Originally Posted by *MandyB* 
*Maybe I AM the only one to ever have a child obsessed like this? Nobody has any other suggestions for me?* I feel like I'm at my wits end with her. How can I get her to respect these boundries? I feel like I've done everything I can to show her and I don't want her to think it would be okay for someone to touch her if it makes her feel uncomfortable in the future either, kwim?

No, you're not the only one, I have seen multiple moms here at MDC complain of the same thing.

She WILL quit sometime. However, do not feel bad for being impatient. Irritated and angry is the logical response here. Getting angry with her, taking her hands off your body, holding her hands and talking to her firmly while looking her in the eye might get her to stop. It might not, but in the mean time, YOU need to know that it's OK, it's reasonable to be angry about this.

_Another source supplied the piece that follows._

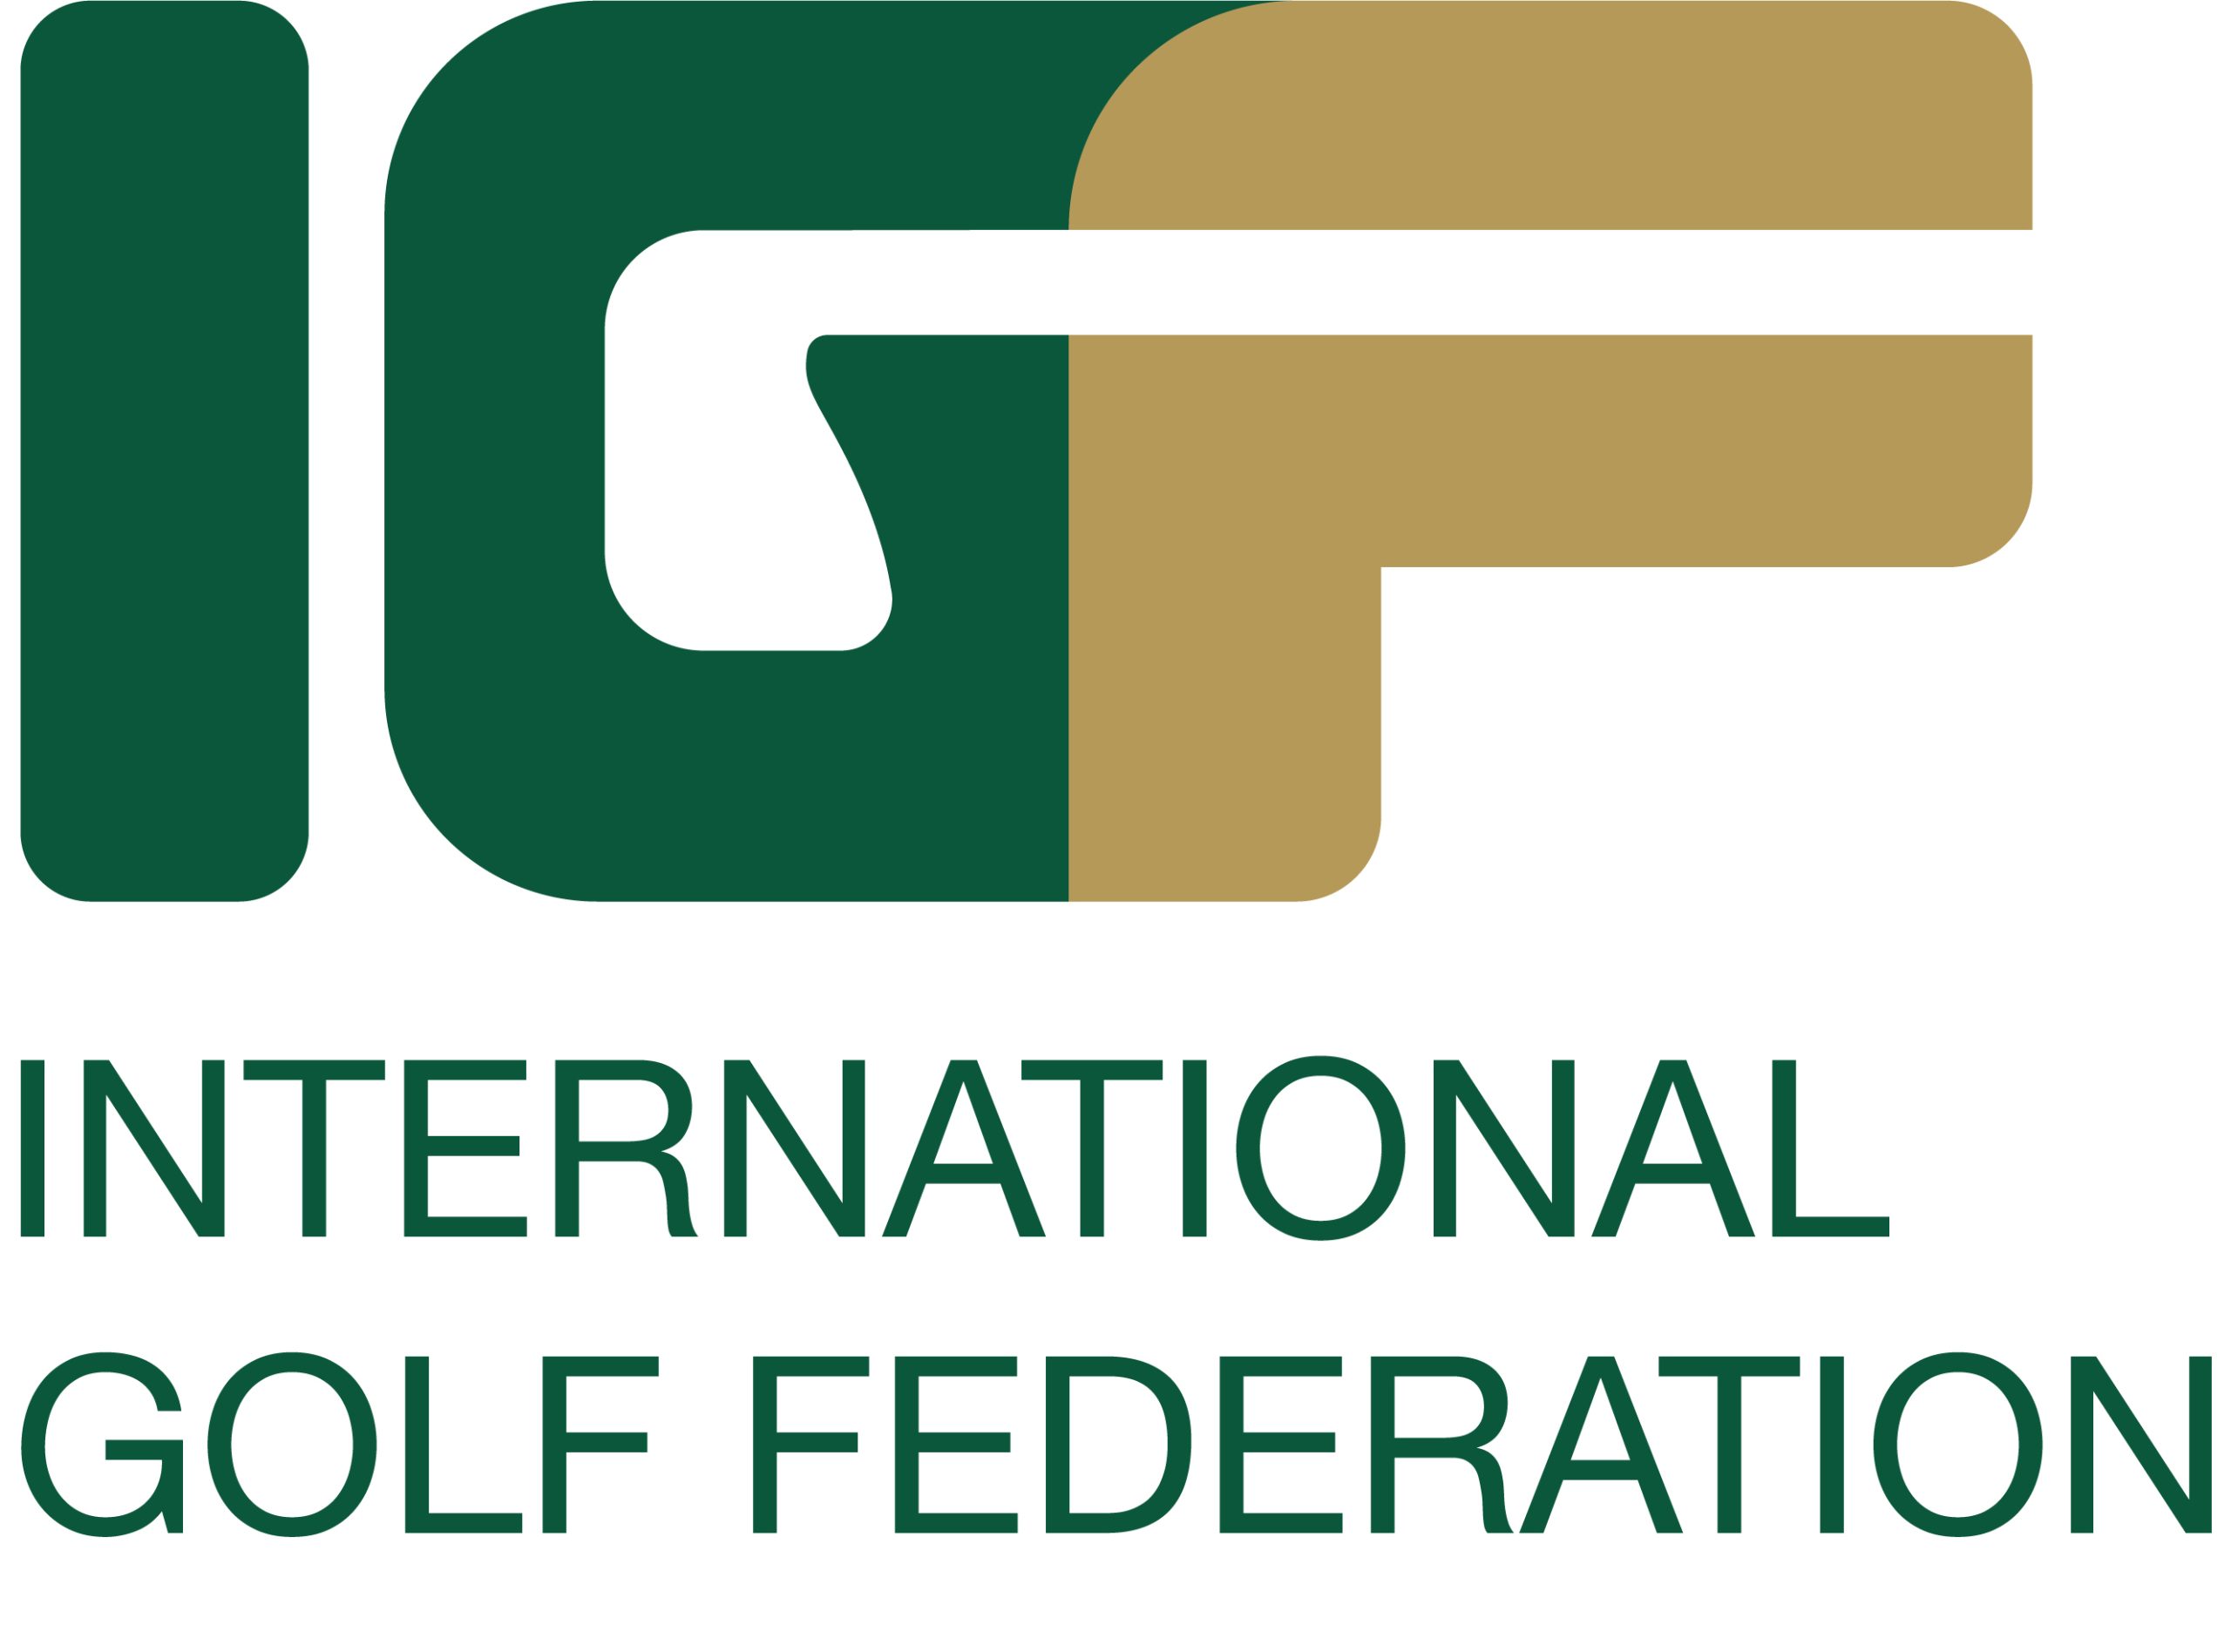 International Golf Federation (IGF)

And you are right to think long term about this, about how _she's_ going to protect _her_ body. At the age of four she may not have good impulse control, so that she continues to bug you even when she sees she's made you angry. Laughing about it might be her nervous reaction to your anger. But if you respond firmly each and every time she will be absorbing the message that there are personal boundaries that should not be crossed. You are reinforcing the message.


----------



## jeliphish (Jul 18, 2007)

I am in the same boat..... I am consistant, and firm, and offer alternatives. She has grown a liking to my moles and rubs them like she is "tweaking" a nipple.







(There is one on my back that she asks to rub constantly and I swear she has made it bigger). She has also developed a fetish of sorts for playing with my fingernails. I think at this age they just need a comforting ritual. And it seems as if almost all of our LOs were weaned about 2.5.


----------



## naismama (Oct 28, 2005)

Ugh! Same thing over here. DD just turned four and she is obsessed with my breasts. She weaned at 3.25, and her 1.5yo brother still nurses. I think she misses nursing. She loves to squeeze my breasts and tell me how soft







and delicious they are. She even makes this slurping sound wth her mouth after she says delicious. I just talk to her about personal boundaries and privacy. It's annoying, but I deal with it. If you are pregnant, though, I imagine it is irritating on a whole 'nother LEVEL, and I feel for you. This is mostly just to say you are not alone.









naismama


----------